WHAT IS EXPECTED. Copy the data that follows exactly as it is, excluding all pictures.

RECORDED DATA.
= = = = = = =
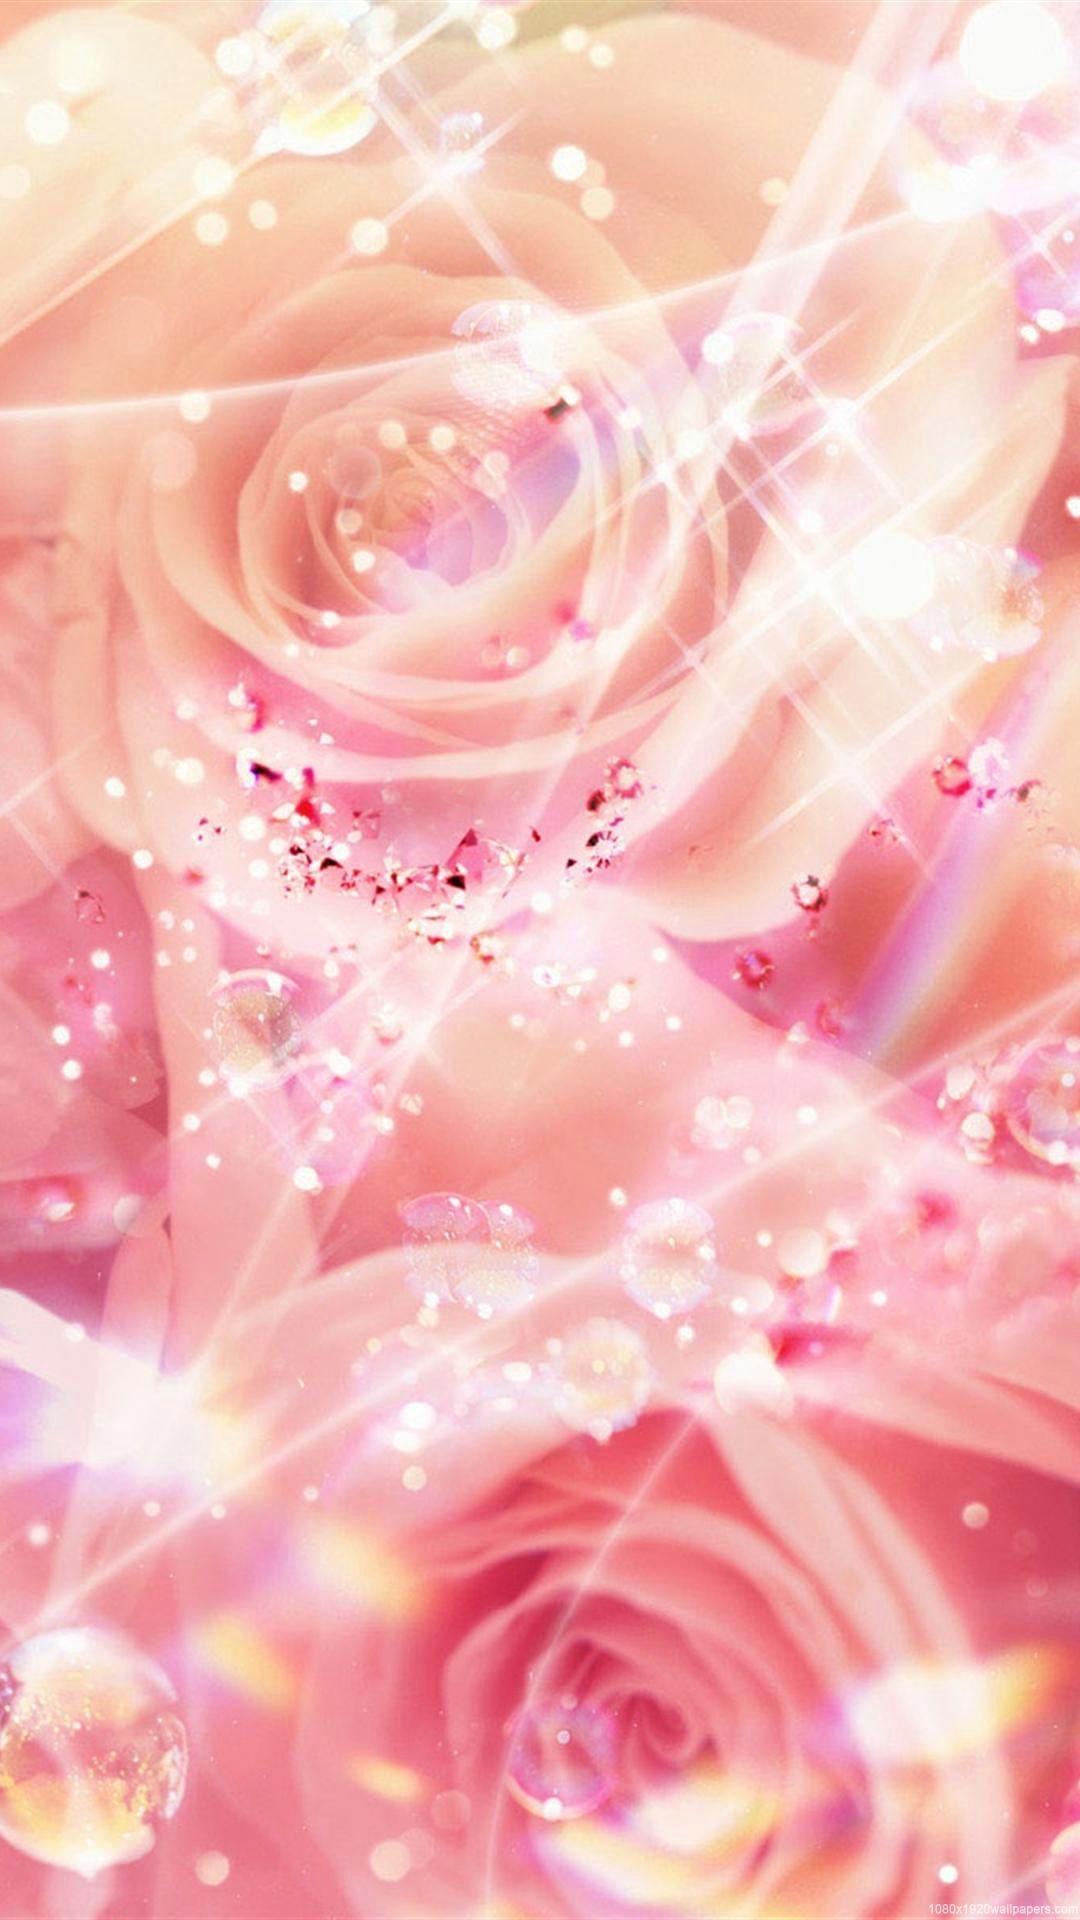 1080x1920 Dream Rose Flower Pink Art Wallpapers Hd Flower Wallpaper Rose Gold Wallpaper Rose Gold Glitter Wallpaper
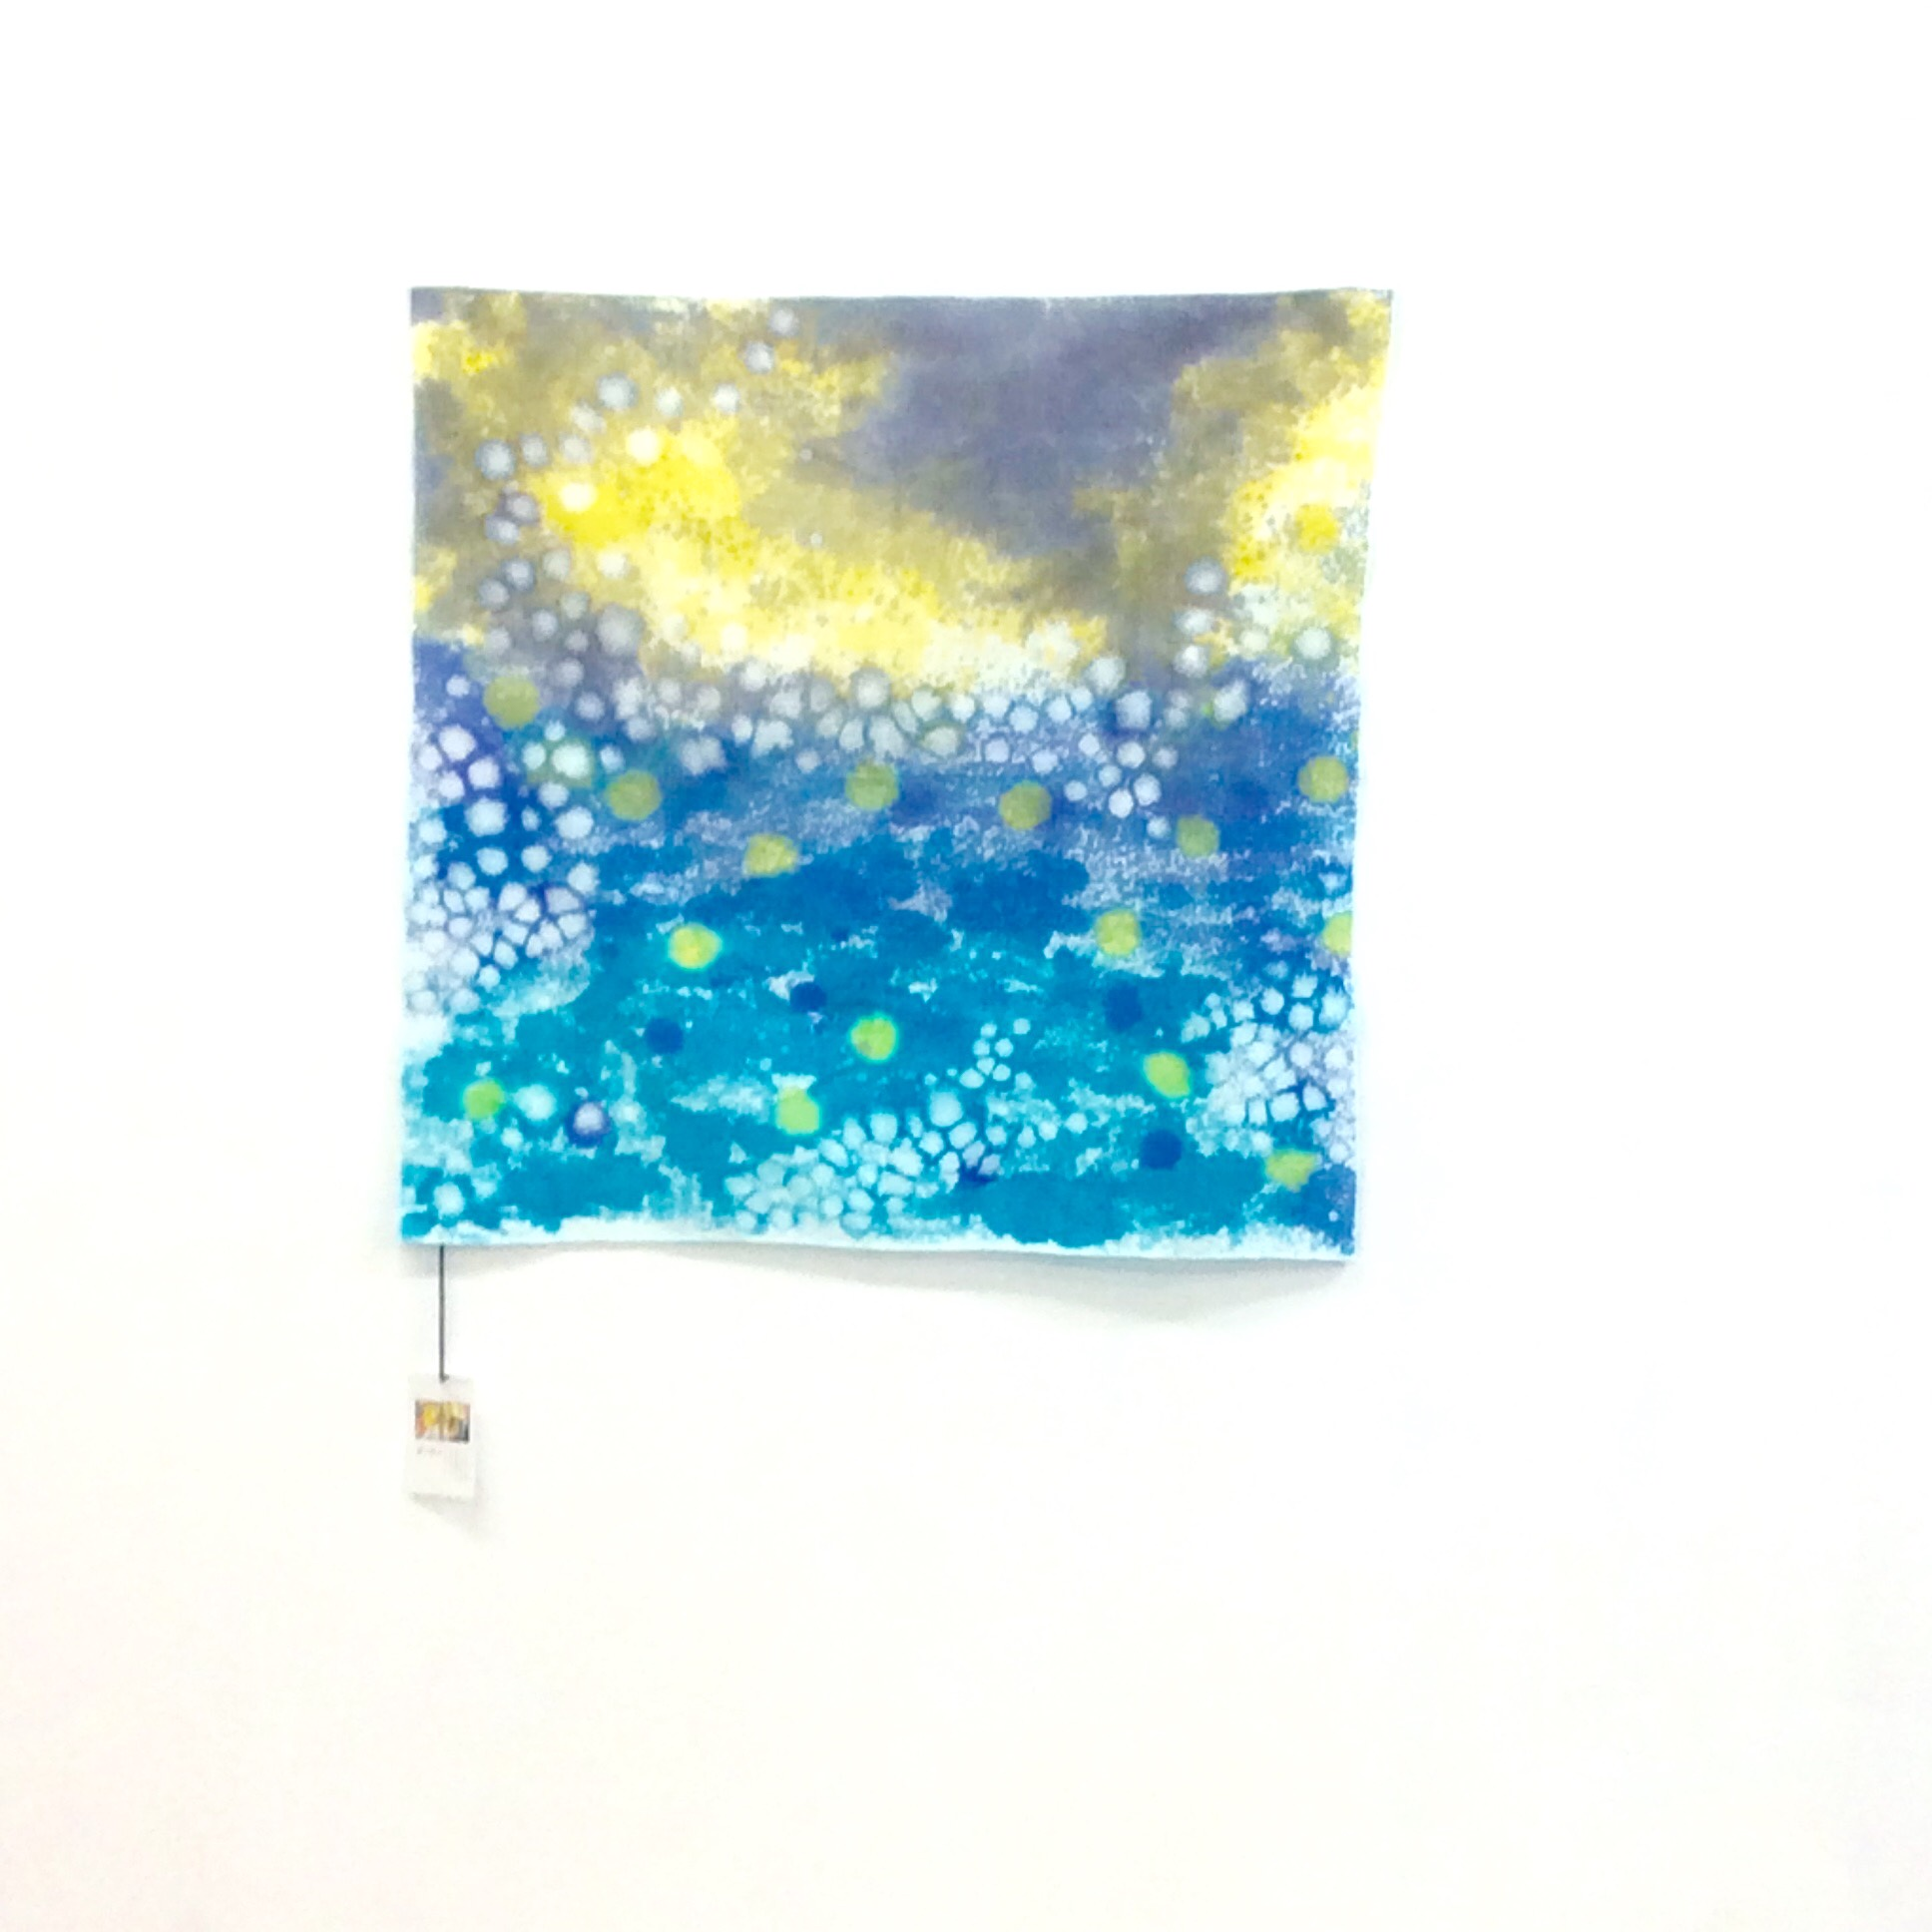 スプラッシュ染めスカーフa画像
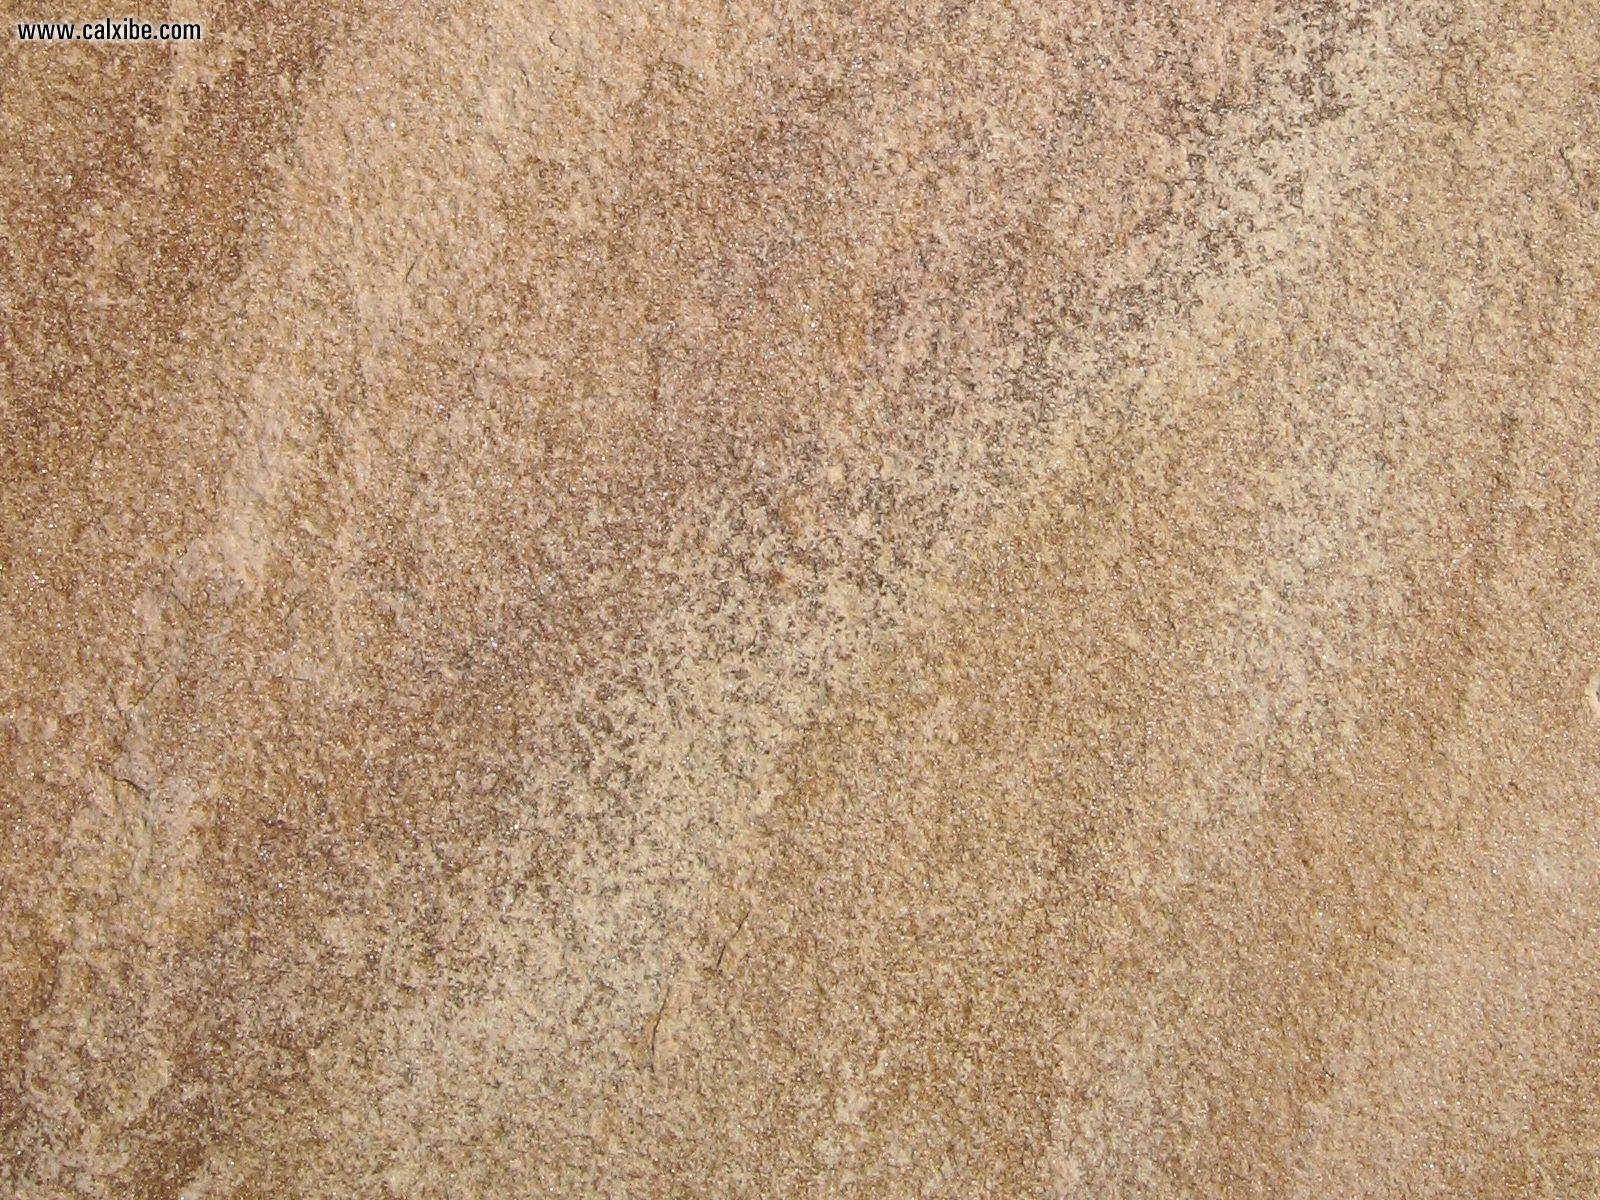 Sandstone Wallpaper - WallpaperSafari
= = = = = = =
SOLVED EXERCISE.
 1080x1920 Dream Rose Flower Pink Art Wallpapers Hd Flower Wallpaper Rose Gold Wallpaper Rose Gold Glitter Wallpaper
 スプラッシュ染めスカーフa画像
 Sandstone Wallpaper - WallpaperSafari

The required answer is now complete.